First, the Free Market conceptualization is inherently problematic. For clients who live in smaller centres, the number of practitioners can be quite limited. What happens when groups of practitioners get together and decide that there are specific services they will work together to blockade? Where does Bill 207 address these scenarios? It does not. Perhaps more concerning, as pointed out in the following editorial from the Edmonton Journal, Bill 207 applies to all regulated health professions in Alberta. A reality which means that we are talking about much more than just accessing a particular treatment from a doctor. A pharmacist could choose to refuse to fill your prescription, or in a more extreme situation an EMT could refuse to give you assistance after a traffic accident.
The second line of reasoning, that there are multiple paths to access health care such as 811 is equally flawed, simply by the fact that those services are staffed by people who happen to be part of the same regulated services. Therefore, one is just as likely to be turned away by "conscientious objectors".
Further, Williams' arguments here quietly ignore the fact that in his efforts to insulate practitioners from potential consequences (read: examination) of "conscience decisions", that the bill strips clients entirely of recourse through either the regulatory colleges themselves or through civil litigation. While I can appreciate the desire to allow practitioners to work within the boundaries of the moral frameworks that they have, doing so at the expense of stripping clients of any form of recourse seems an extreme step unwarranted by current jurisprudence and existing law.
As an example to consider, this law could enable the following situation: Consider a traffic accident where a transgender person has been injured. The attending EMS personnel decide that each has a "conscientious objection" to supporting transgender people and decline to provide treatment on those grounds. Similarly, if that same person is transported to a Catholic-run hospital, the hospital itself could also decline to furnish treatment (remember, the current Pope has referred to transgender people as being "worse than nuclear bombs"). Under the terms of this legislation, not only would there be no consequences for the practitioners (they merely need to declare it as a "conscience objection"), the patient will find that their ability to demand that this be examined as malpractice is cut off at the kneecaps by sections 5-7.
In case you think half-assed or downright negligent treatment won't happen in the environment created by Bill 207, I invite you to consider what happened to Tyra Hunter, and consider how this bill insulates practitioners from their misdeeds (and therefore undermines the very key principle of protecting the public from malicious practitioners through vehicles such as regulatory colleges).
While Mr. Williams chooses to play naive with this law, it cannot be any coincidence that the people who stand to be most negatively affected are those whose access to treatment is already precarious. So-called "conscience" objections have been raised not only to abortion, but to the provision of contraceptive treatments for those with female reproductive systems. LGBTQ people have long been marginalized in their access to treatment, all on "moral" grounds to the extent that one of the most common requests seen on local discussion boards is "which doctor/therapist/pharmacy/etc. is LGBTQ-friendly" coming from people moving into a region.

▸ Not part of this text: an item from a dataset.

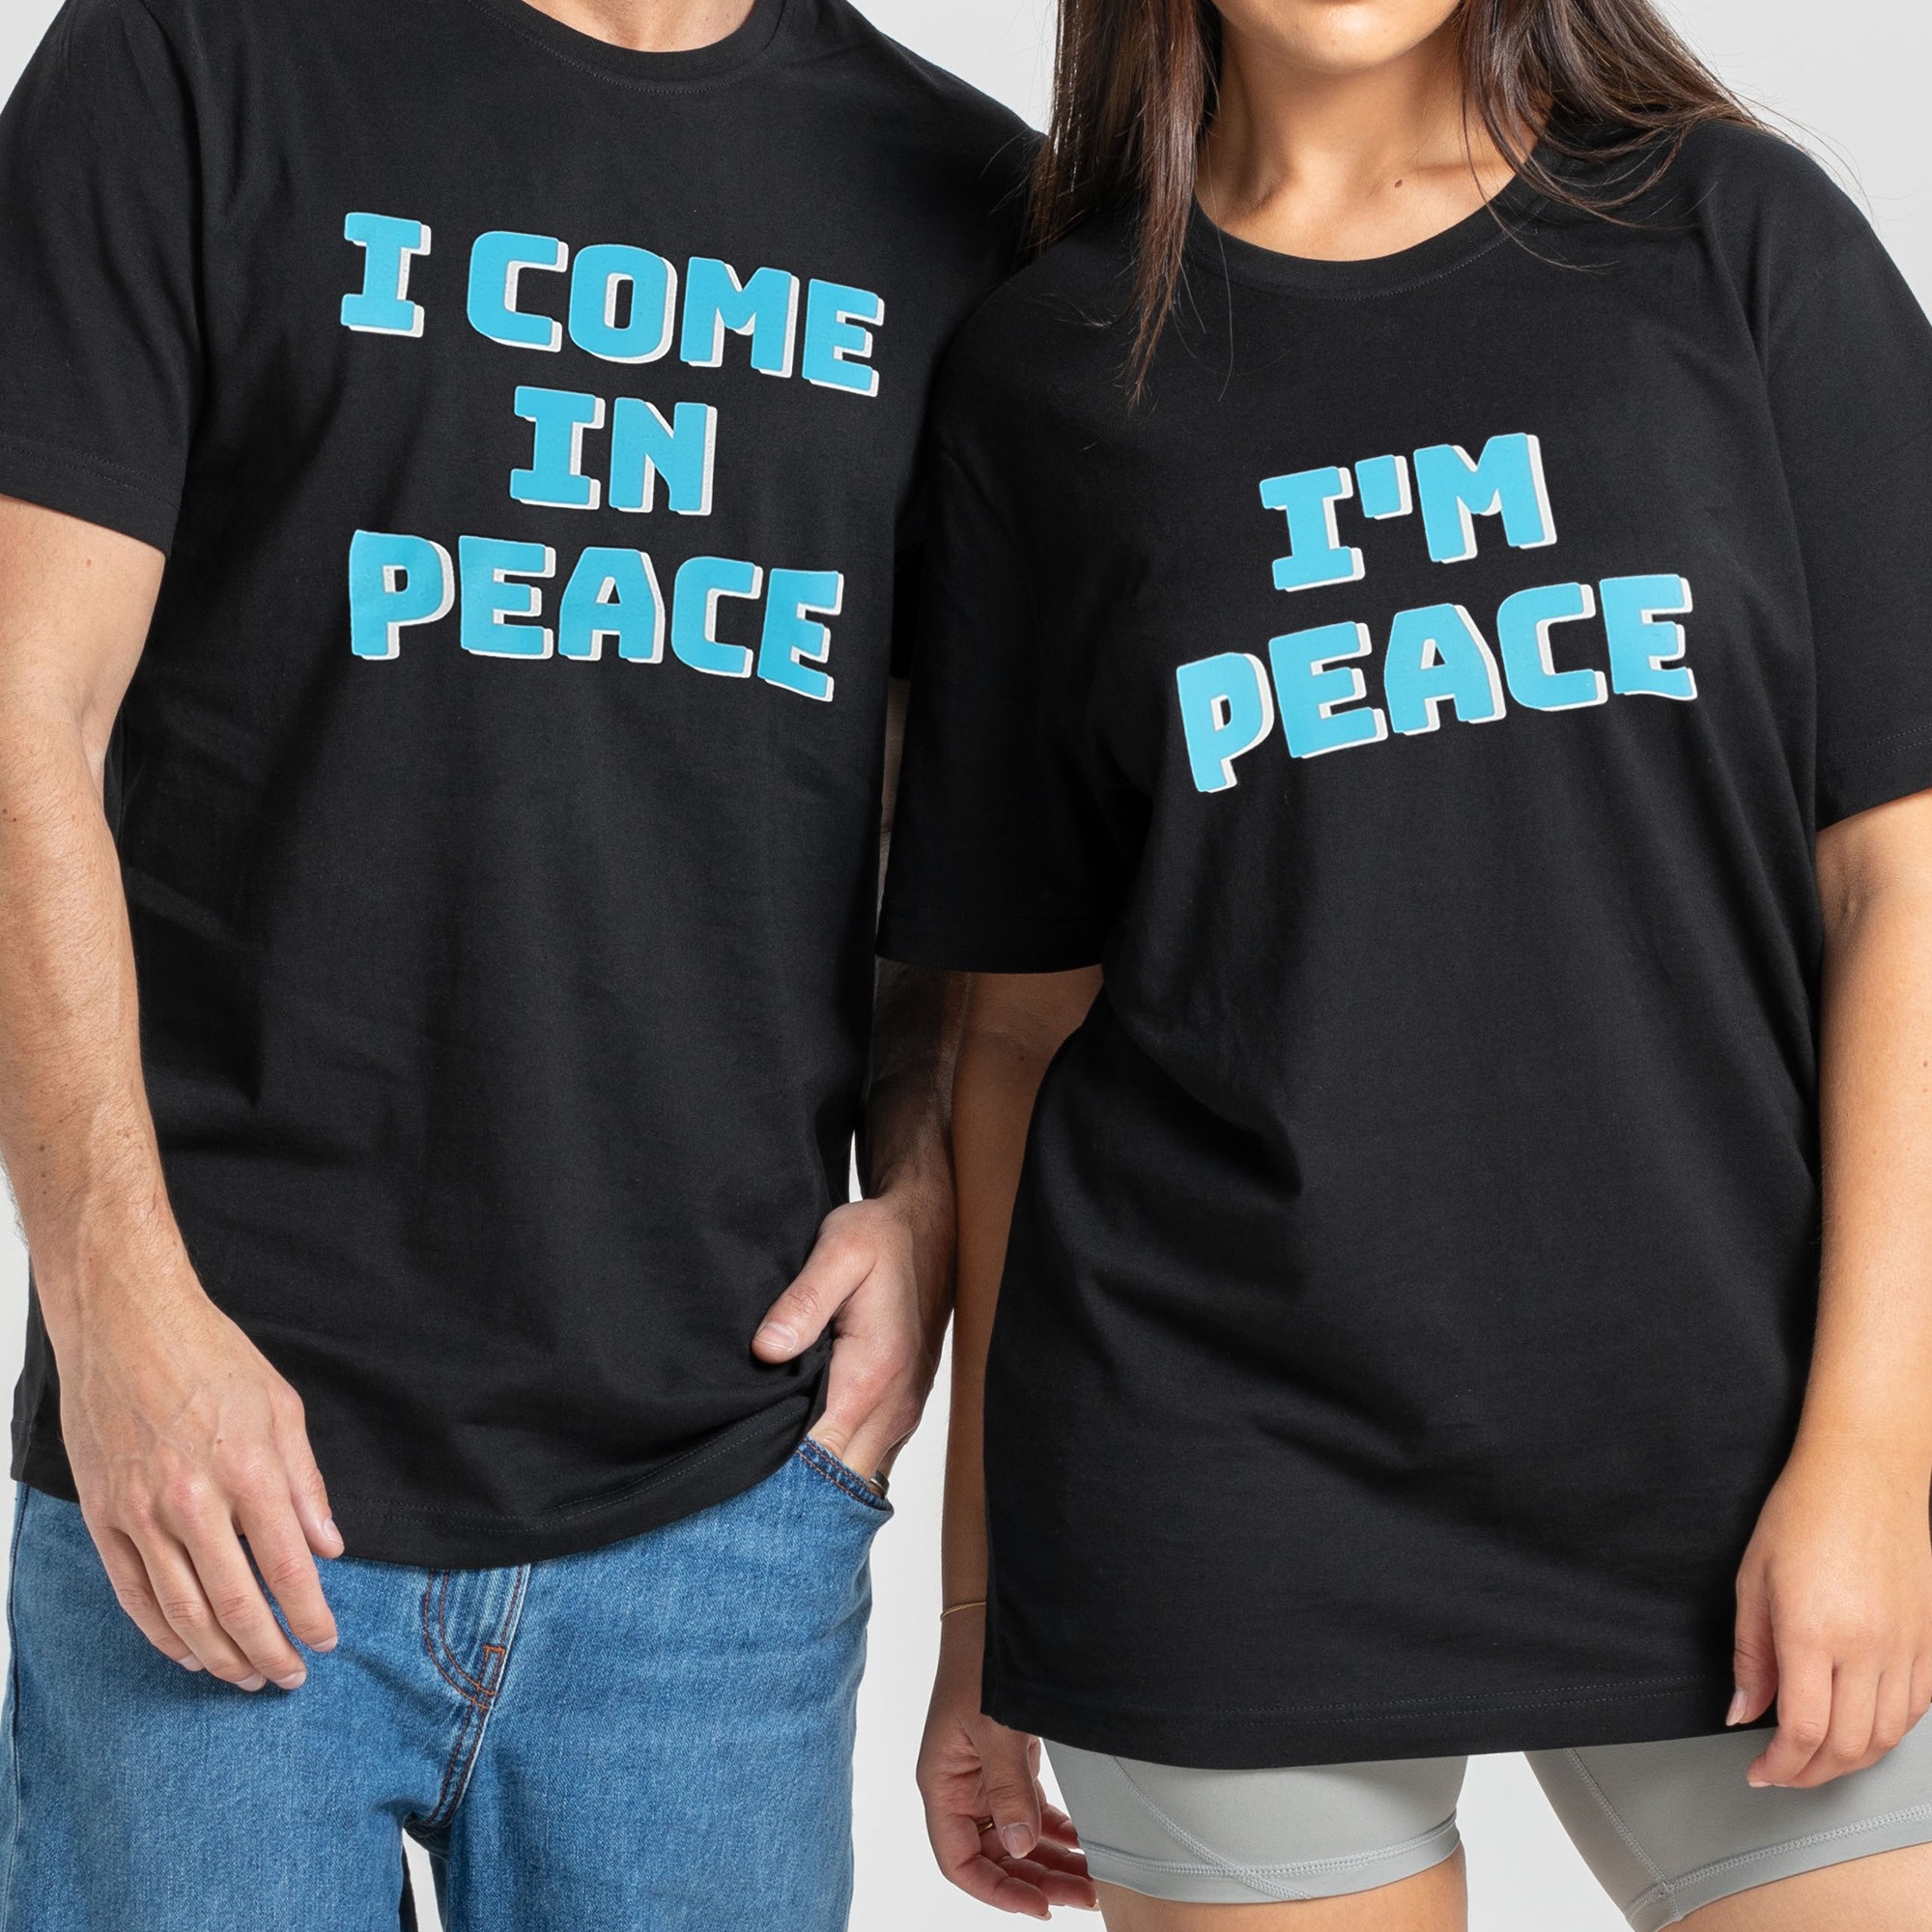 COME IN PEACE T-SHIRT COMBO

The calls for this type of legislation come not from the broad body of health practitioners, but from a small vocal minority who seem to be of the opinion that they must be completely consistent with their religious beliefs in all aspects of their lives. Even being charitable to Mr. Williams' intentions in tabling this bill, it is profoundly flawed from the perspective of The Charter and the principle that it embodies that rights exist in tension with one another.